[Task] Images are not wanted; transcribe the rest of the listing exactly.

---------- Supplied material

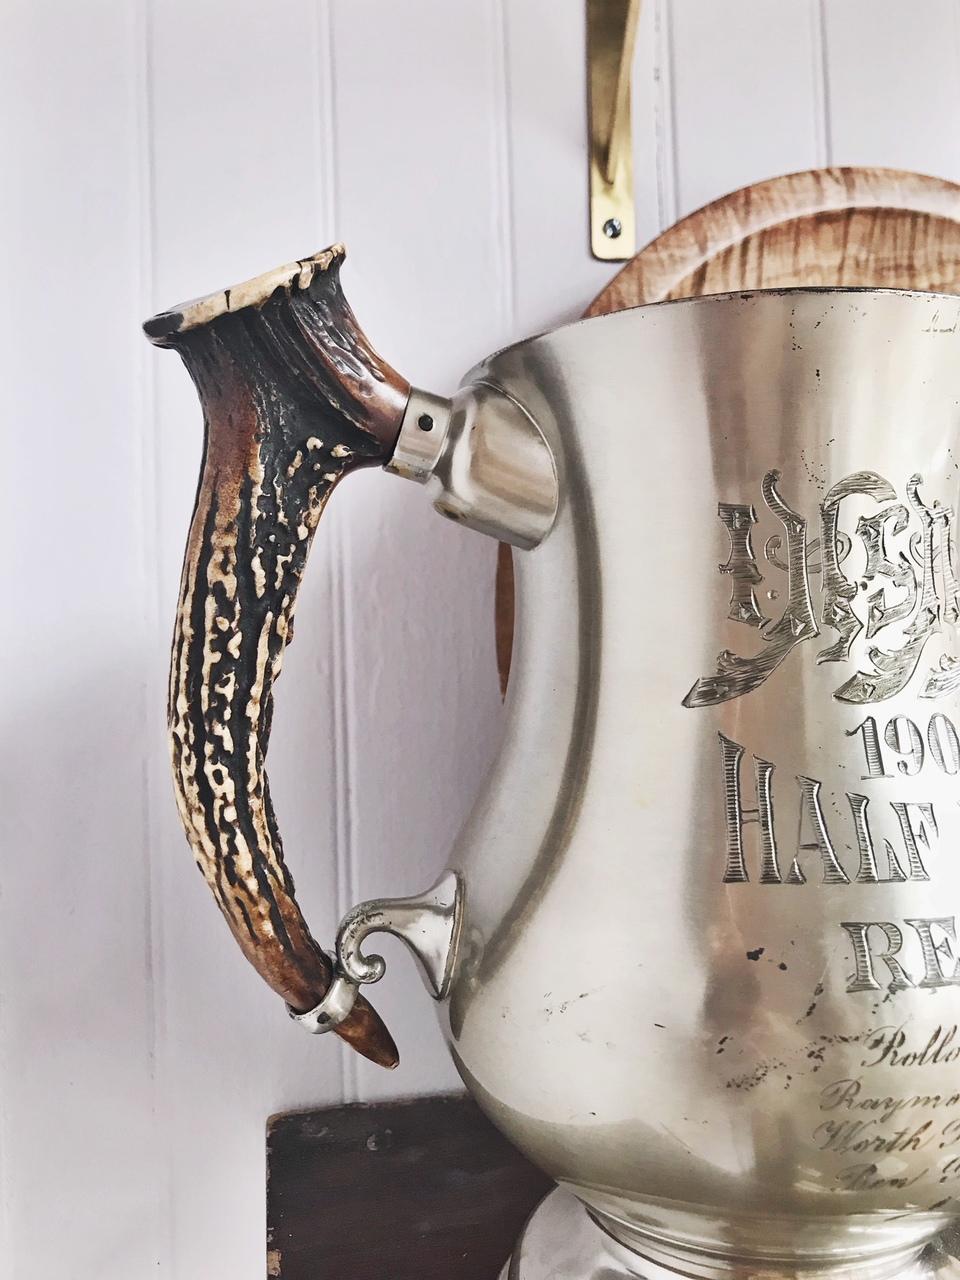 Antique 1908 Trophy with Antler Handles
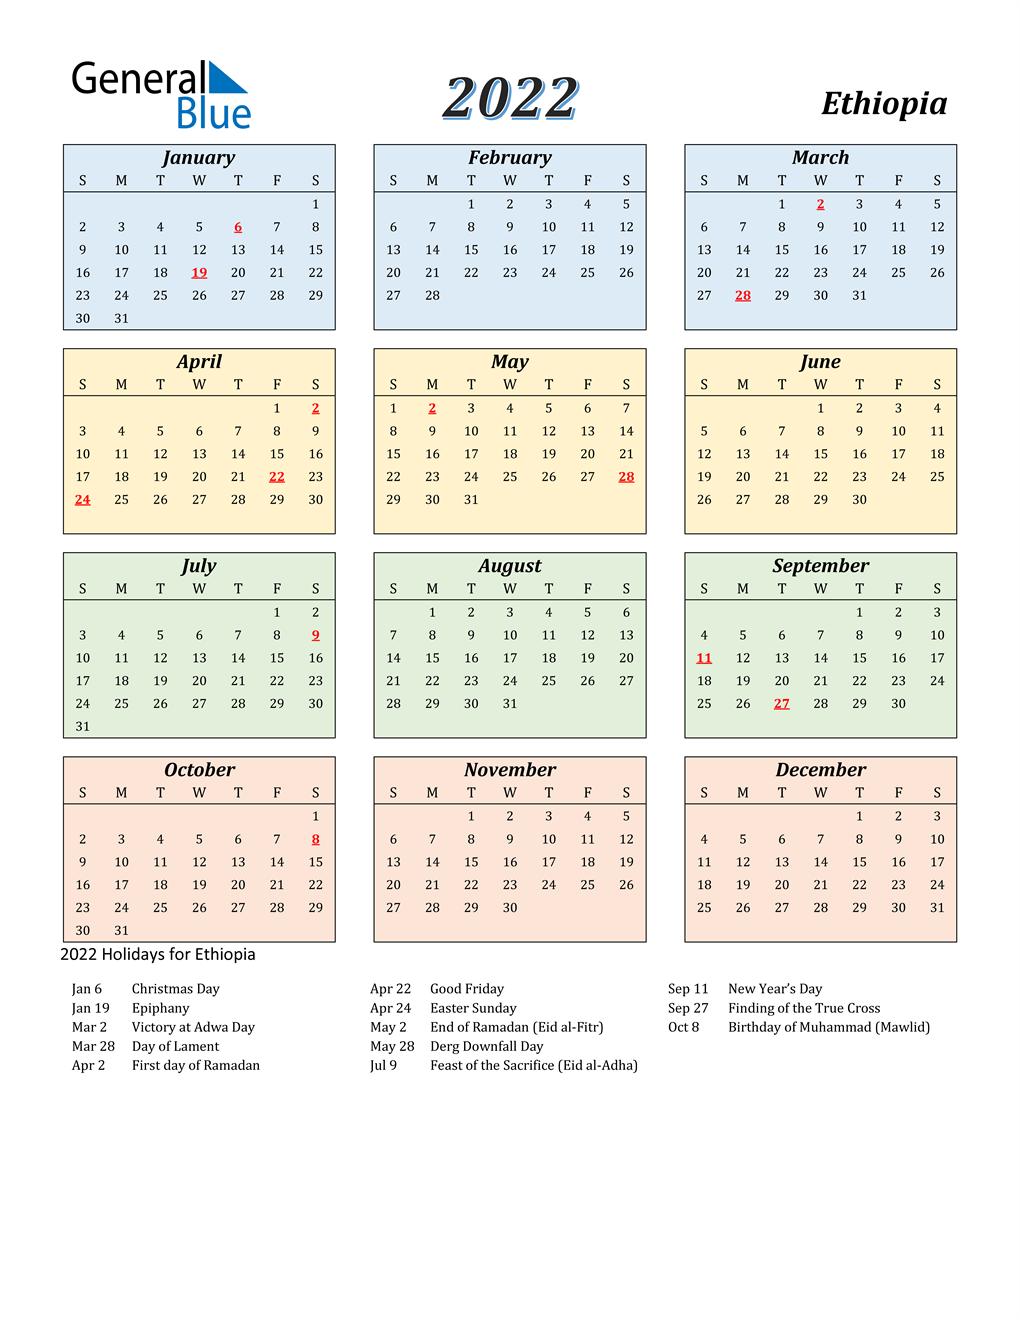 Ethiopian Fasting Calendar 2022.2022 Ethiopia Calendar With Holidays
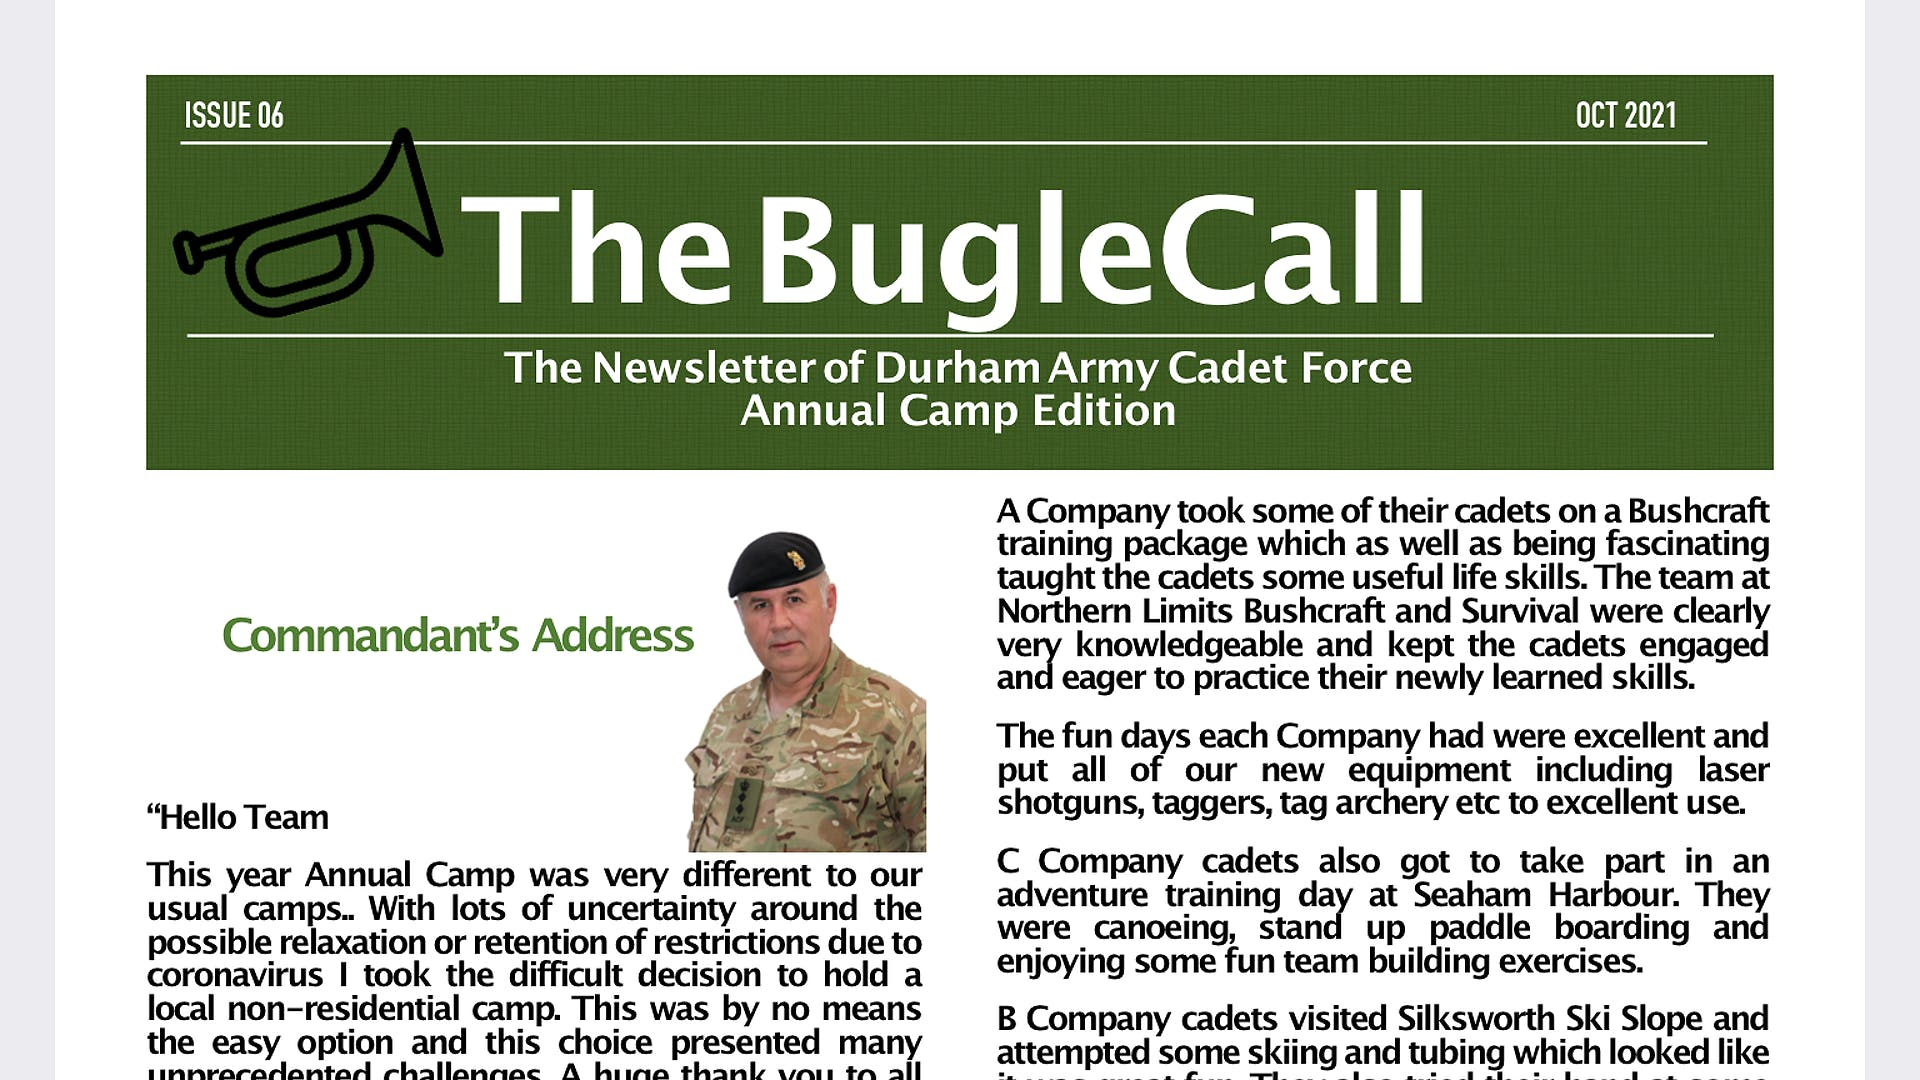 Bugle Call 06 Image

--------------------

[Answer to this exercise]
 Antique 1908 Trophy with Antler Handles
 Ethiopian Fasting Calendar 2022.2022 Ethiopia Calendar With Holidays
 Bugle Call 06 Image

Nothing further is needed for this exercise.